- WORK ORDER
This calls for a word-for-word copy of all the data, with each picture removed.

- DATASET CONTENT
= Beginning of Section =
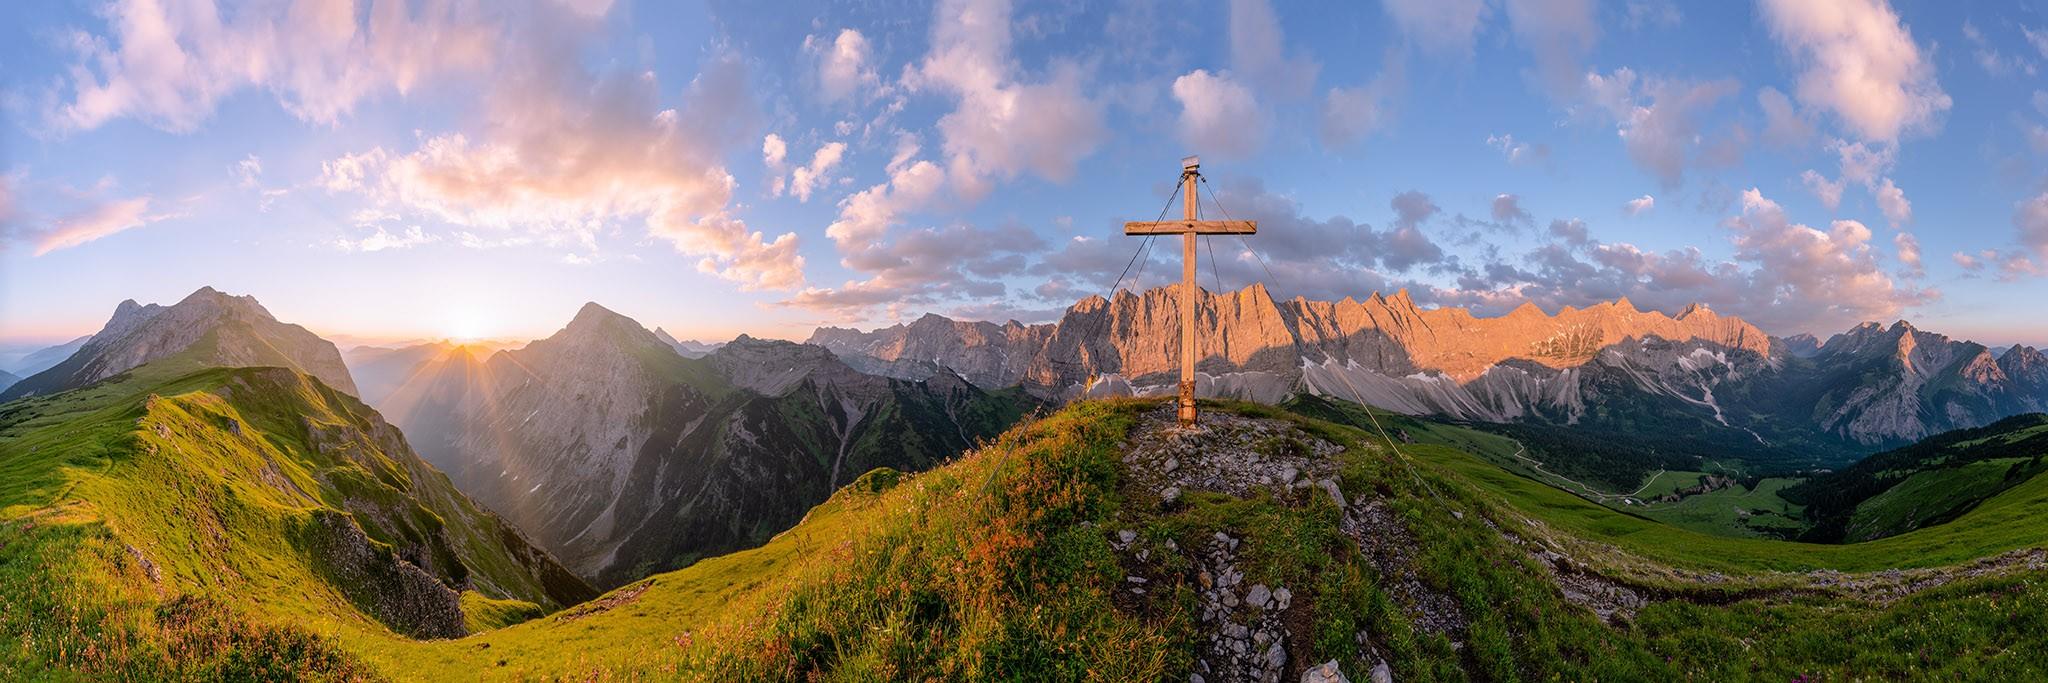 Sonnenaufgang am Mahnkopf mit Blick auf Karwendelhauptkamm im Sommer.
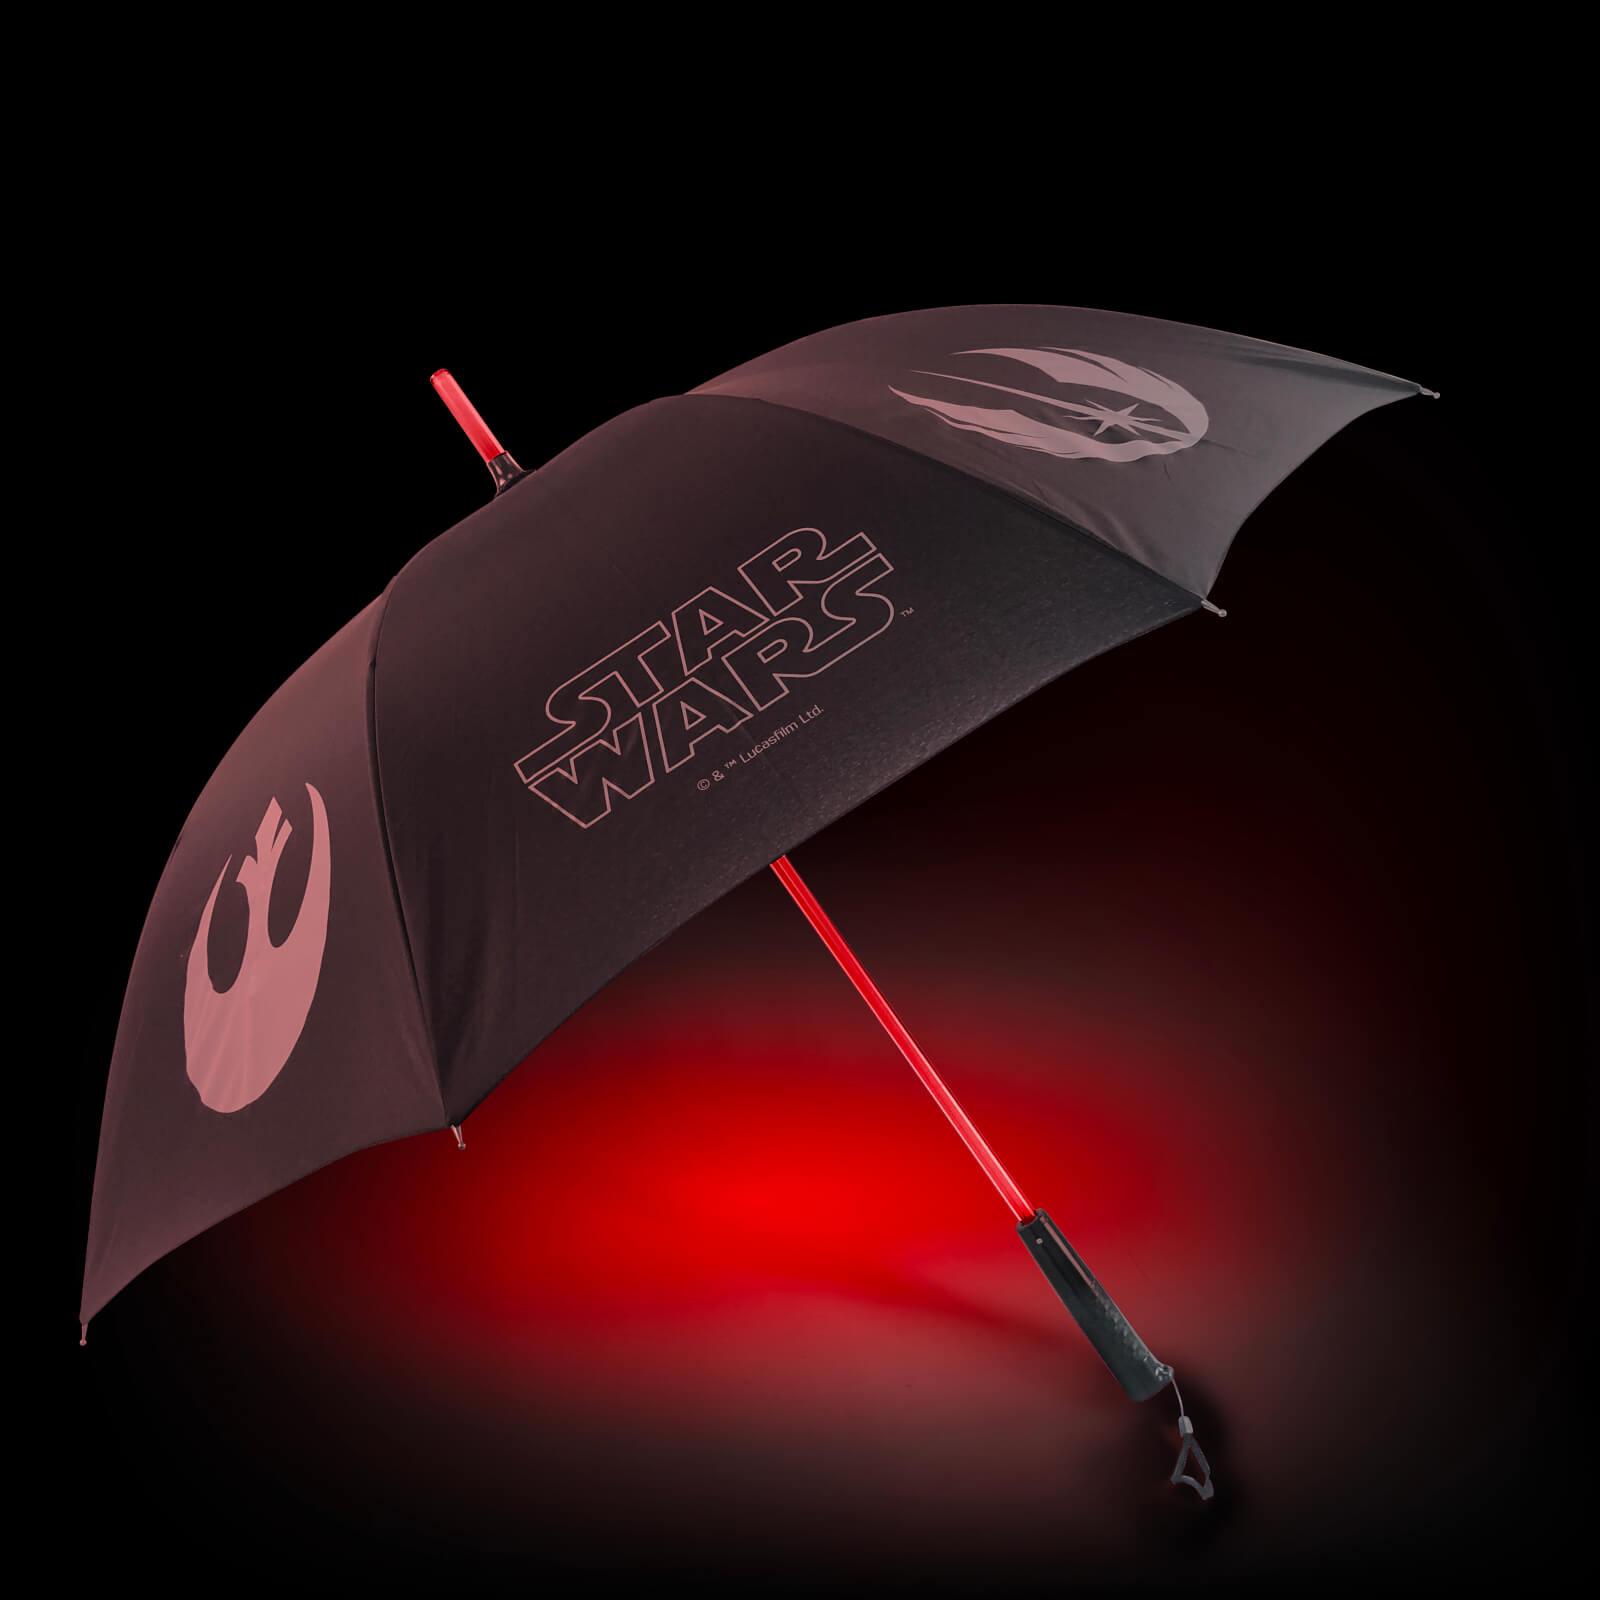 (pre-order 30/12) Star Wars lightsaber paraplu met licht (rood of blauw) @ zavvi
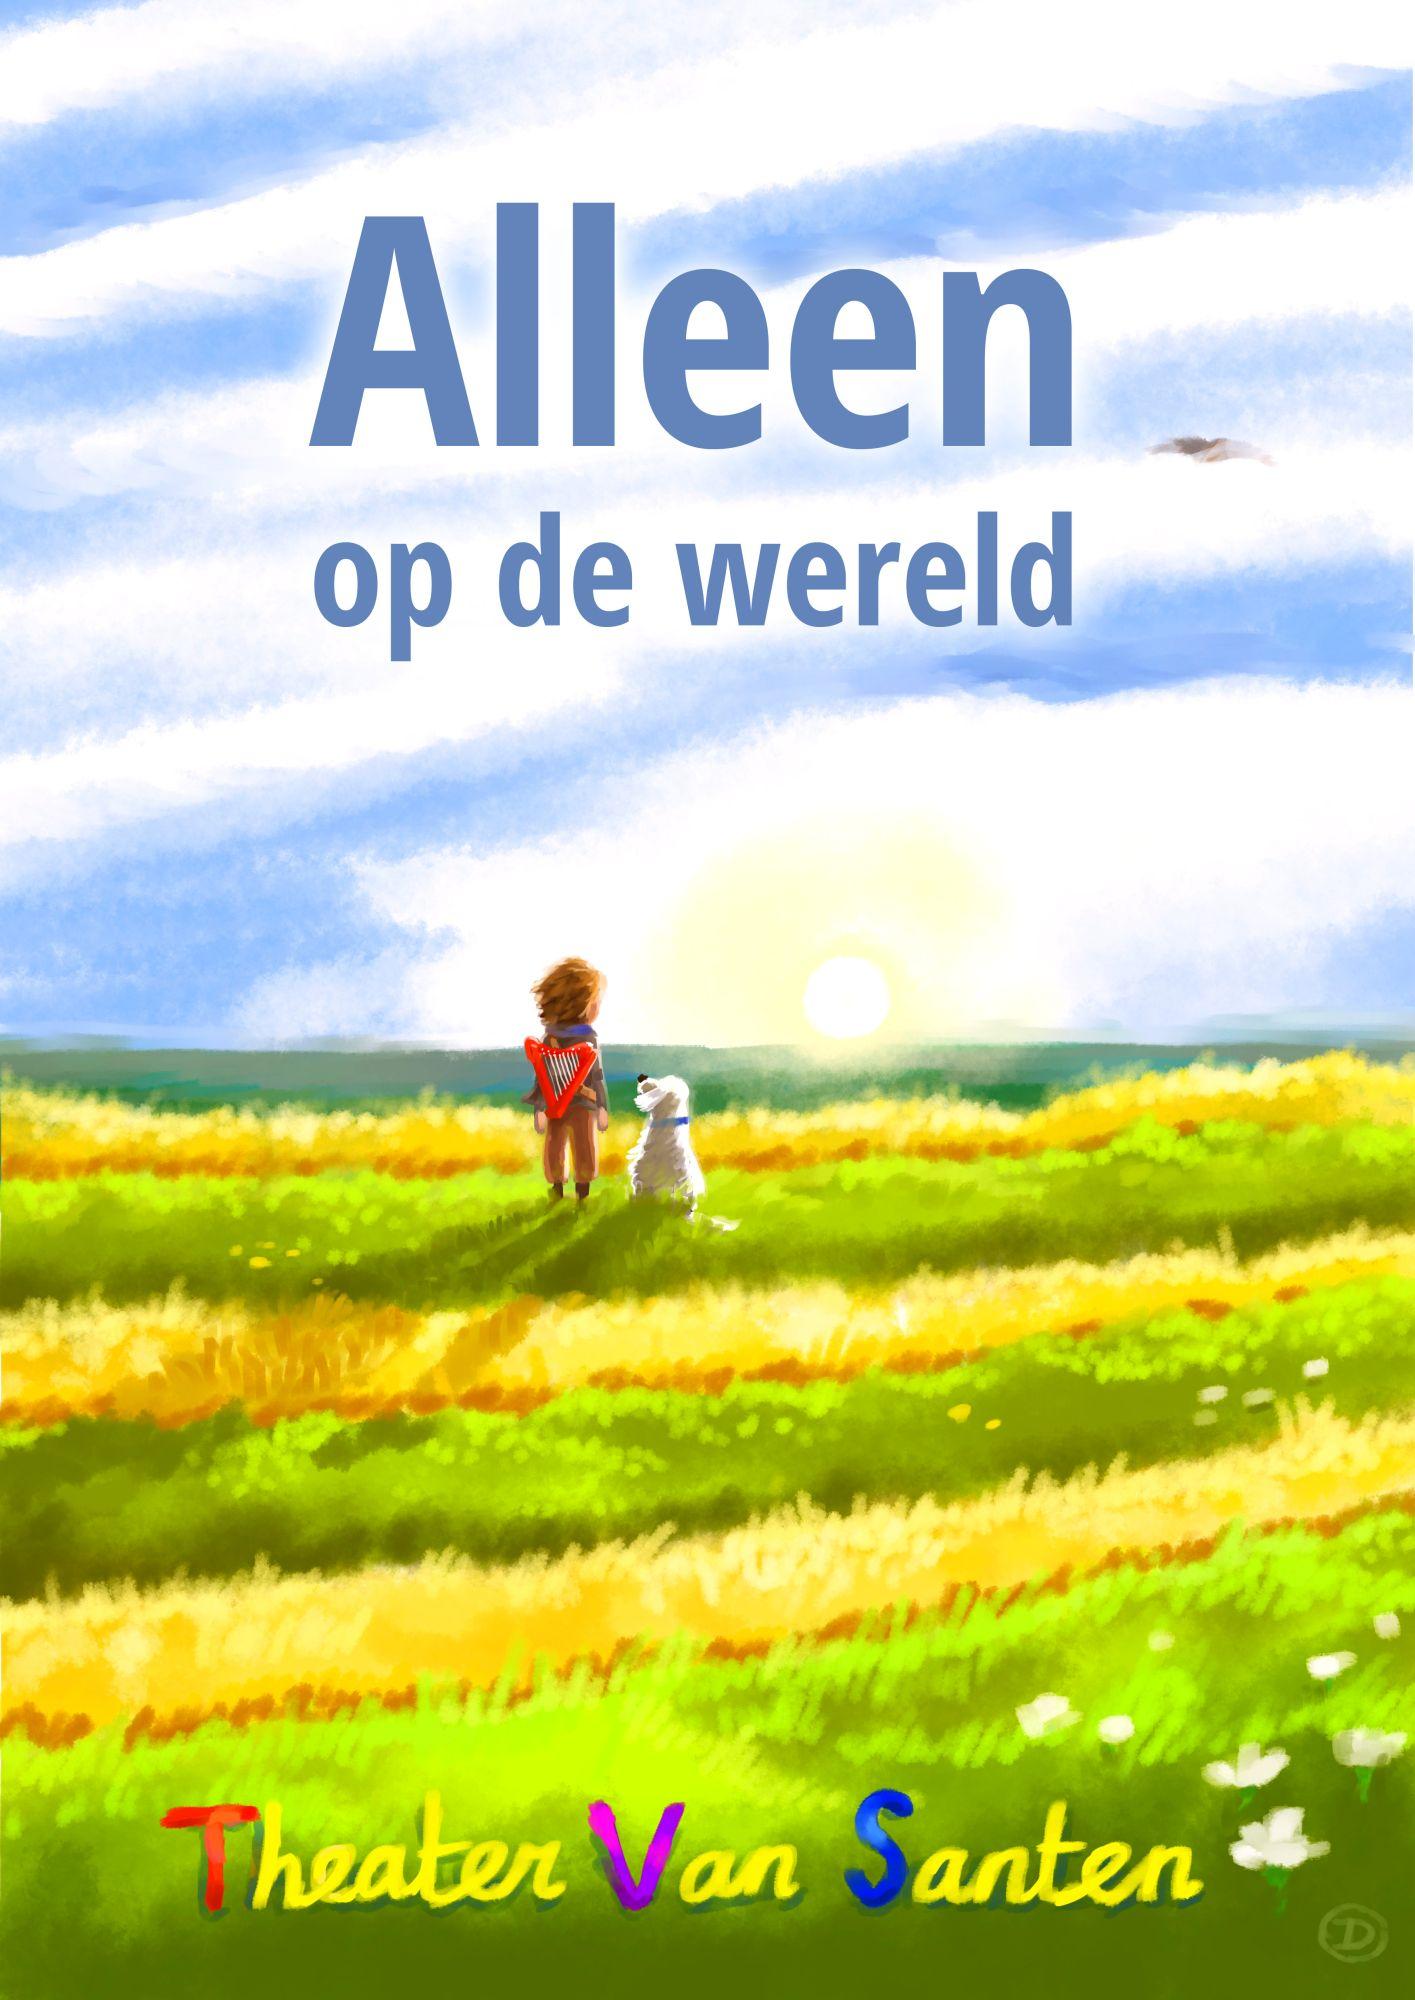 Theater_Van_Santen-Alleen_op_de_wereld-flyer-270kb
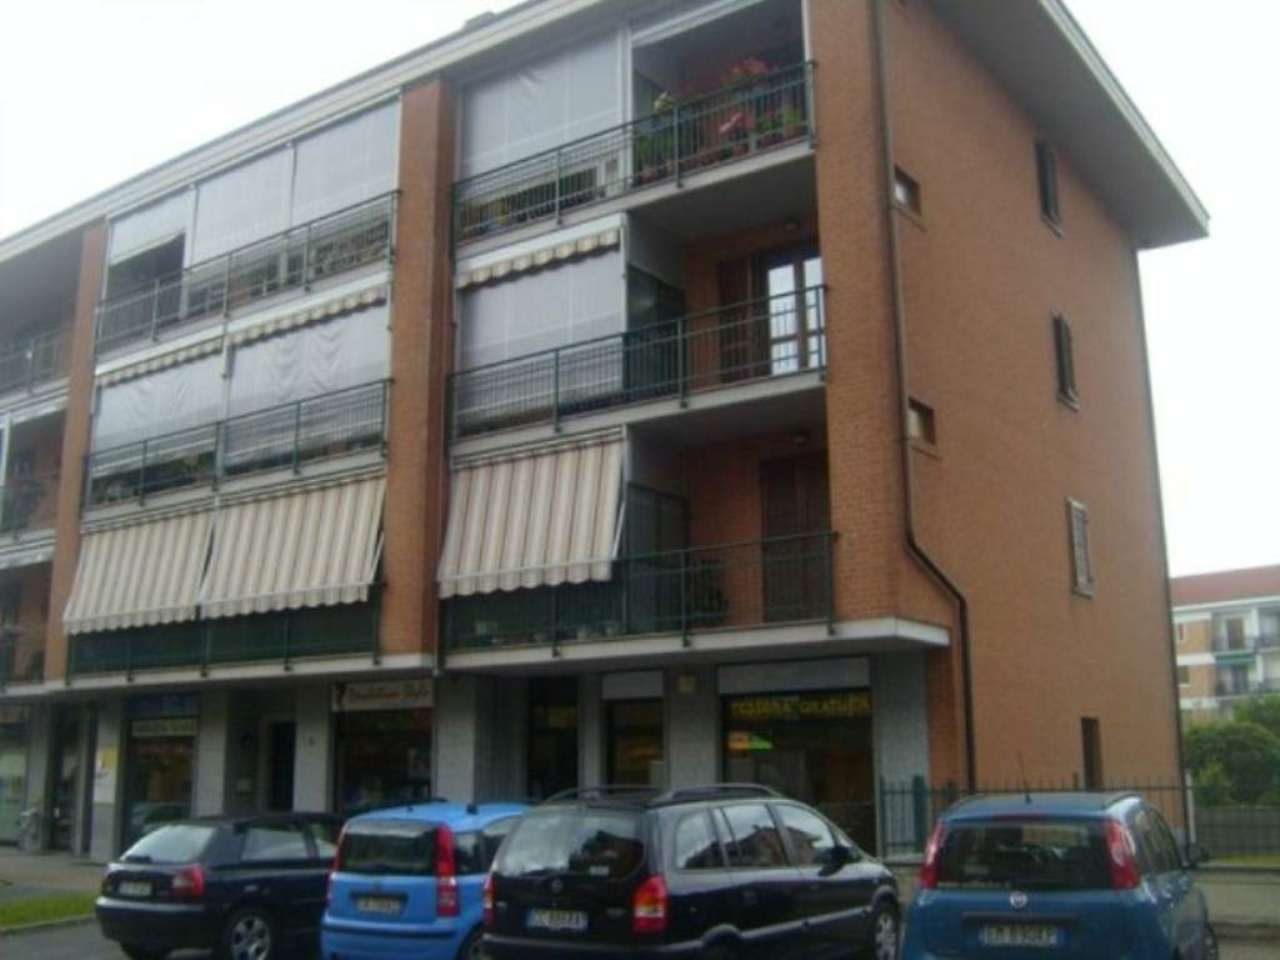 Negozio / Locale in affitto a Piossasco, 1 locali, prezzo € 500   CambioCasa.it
= End of Section =
- EXERCISE RESULT
 Sonnenaufgang am Mahnkopf mit Blick auf Karwendelhauptkamm im Sommer.
 (pre-order 30/12) Star Wars lightsaber paraplu met licht (rood of blauw) @ zavvi
 Theater_Van_Santen-Alleen_op_de_wereld-flyer-270kb
 Negozio / Locale in affitto a Piossasco, 1 locali, prezzo € 500   CambioCasa.it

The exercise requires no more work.